Implementation:Open compass VLMEvalKit Generate Inner
| Field | Value |
|---|---|
| source | VLMEvalKit |
| domain | Vision, Model_Architecture, Software_Design |
Overview
Interface specification for the user-implemented inference method that VLM adapters must define to process multimodal input.
Description
generate_inner() is an abstract method defined in both BaseModel (vlmeval/vlm/base.py:L45-47) and BaseAPI (vlmeval/api/base.py:L46-57). For BaseModel subclasses, the signature is generate_inner(self, message: List[Dict], dataset: Optional[str] = None) -> str. For BaseAPI subclasses, the signature is generate_inner(self, inputs, **kwargs) -> Tuple[int, str, str]. The message list contains dicts with 'type' (text/image/video) and 'value' (content string or file path).
Usage
Every VLM adapter must implement this method. This is a Pattern Doc — there is no single concrete implementation, as each model adapter provides its own.
Code Reference
- Source:
vlmeval/vlm/base.py, Lines: L45-47 (BaseModel abstract);vlmeval/api/base.py, Lines: L46-57 (BaseAPI abstract) - Import: (abstract — implemented by subclasses)
Signature:
# For local VLM adapters (BaseModel):
@abstractmethod
def generate_inner(self, message: List[Dict], dataset: Optional[str] = None) -> str:
"""
Args:
message: List of dicts with 'type' and 'value' keys.

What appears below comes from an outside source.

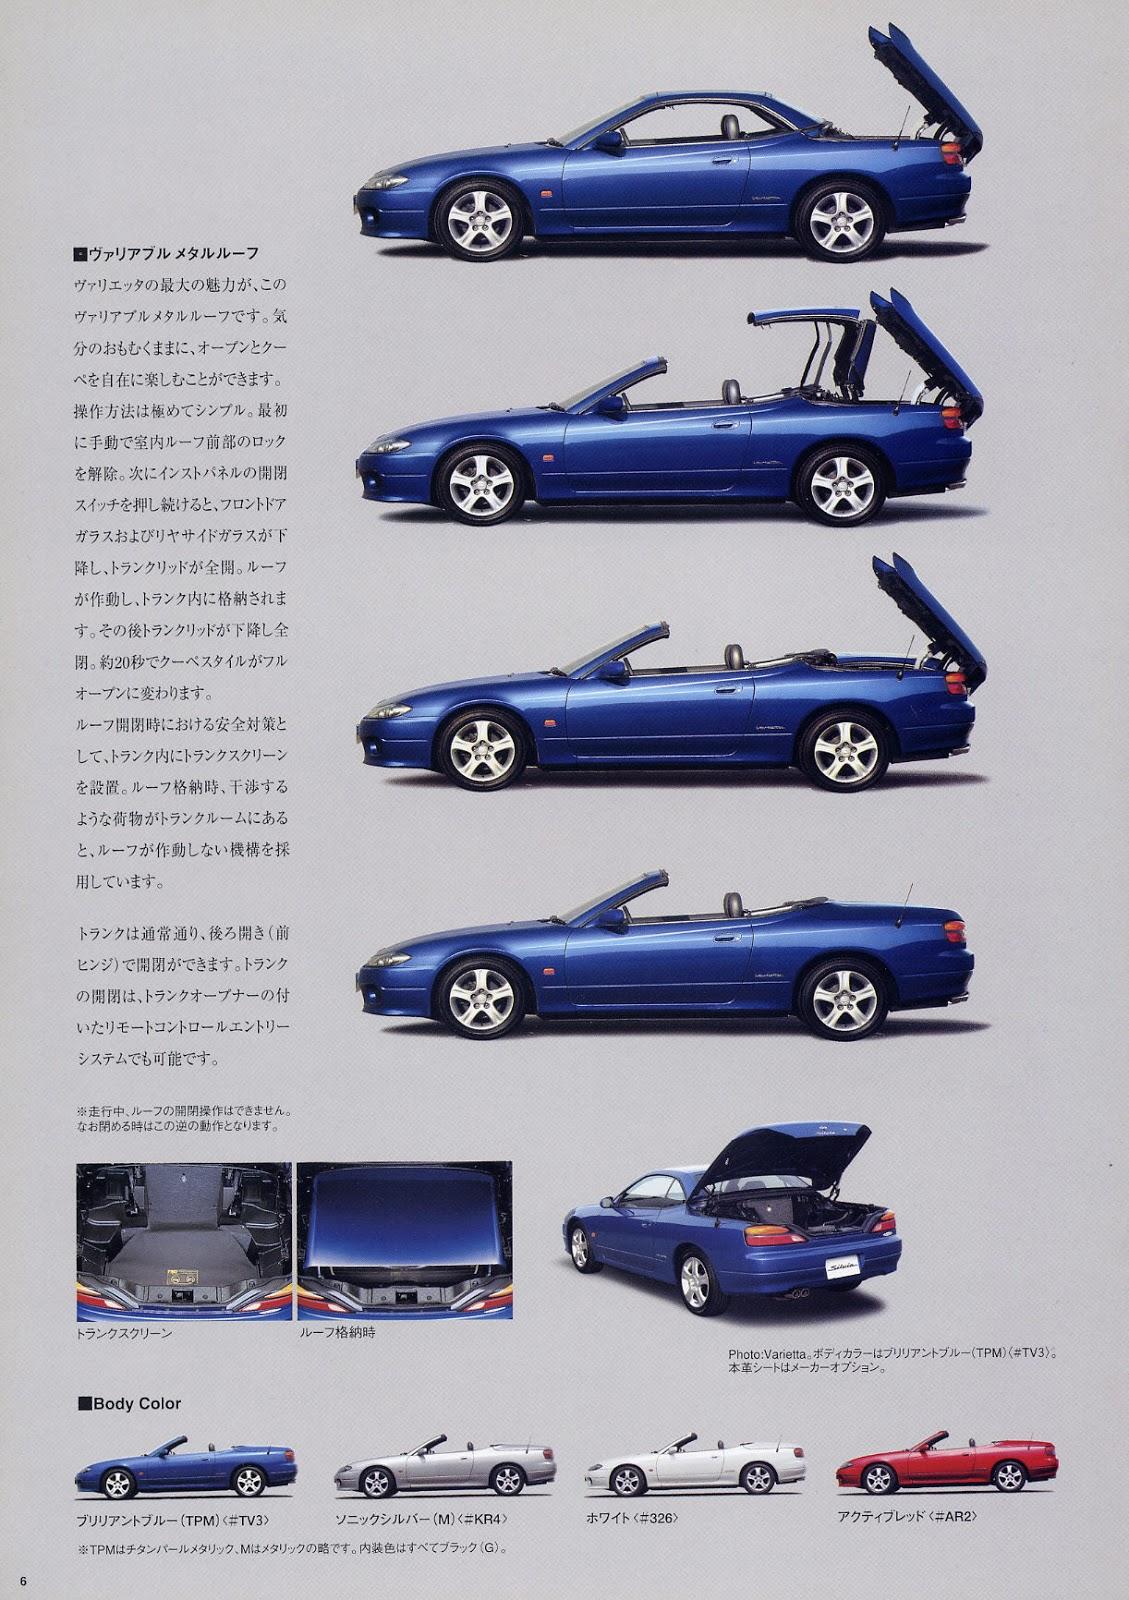 Nissan Silvia Varietta S15, japoński kabriolet, cabrio, convertible, bez dachu, samochody z Japonii, JDM, zdjęcia, sportowe auta

Types: 'text', 'image', 'video'
Values: text content, image file path, video file path
dataset: Optional dataset name for special handling.
Returns:
Prediction string.
"""
raise NotImplementedError
# For API model adapters (BaseAPI):
@abstractmethod
def generate_inner(self, inputs, **kwargs) -> Tuple[int, str, str]:
"""
Args:
inputs: Preprocessed message list.
**kwargs: Additional arguments.
Returns:
(ret_code, answer, log) where ret_code=0 means success.
"""
I/O Contract
| Direction | Description |
|---|---|
| Inputs | message/inputs — List[Dict] with type/value keys
|
| Outputs | BaseModel: str; BaseAPI: Tuple[int, str, str]
|
Usage Examples
# Example: Simple local VLM adapter
class SimpleVLM(BaseModel):
def generate_inner(self, message, dataset=None):
prompt = "\n".join(m['value'] for m in message if m['type'] == 'text')
images = [m['value'] for m in message if m['type'] == 'image']
return self.model.predict(prompt, images)
# Example: Simple API adapter
class SimpleAPI(BaseAPI):
def generate_inner(self, inputs, **kwargs):
try:
resp = requests.post(self.endpoint, json={"messages": inputs})
return 0, resp.json()["answer"], "ok"
except Exception as e:
return -1, "", str(e)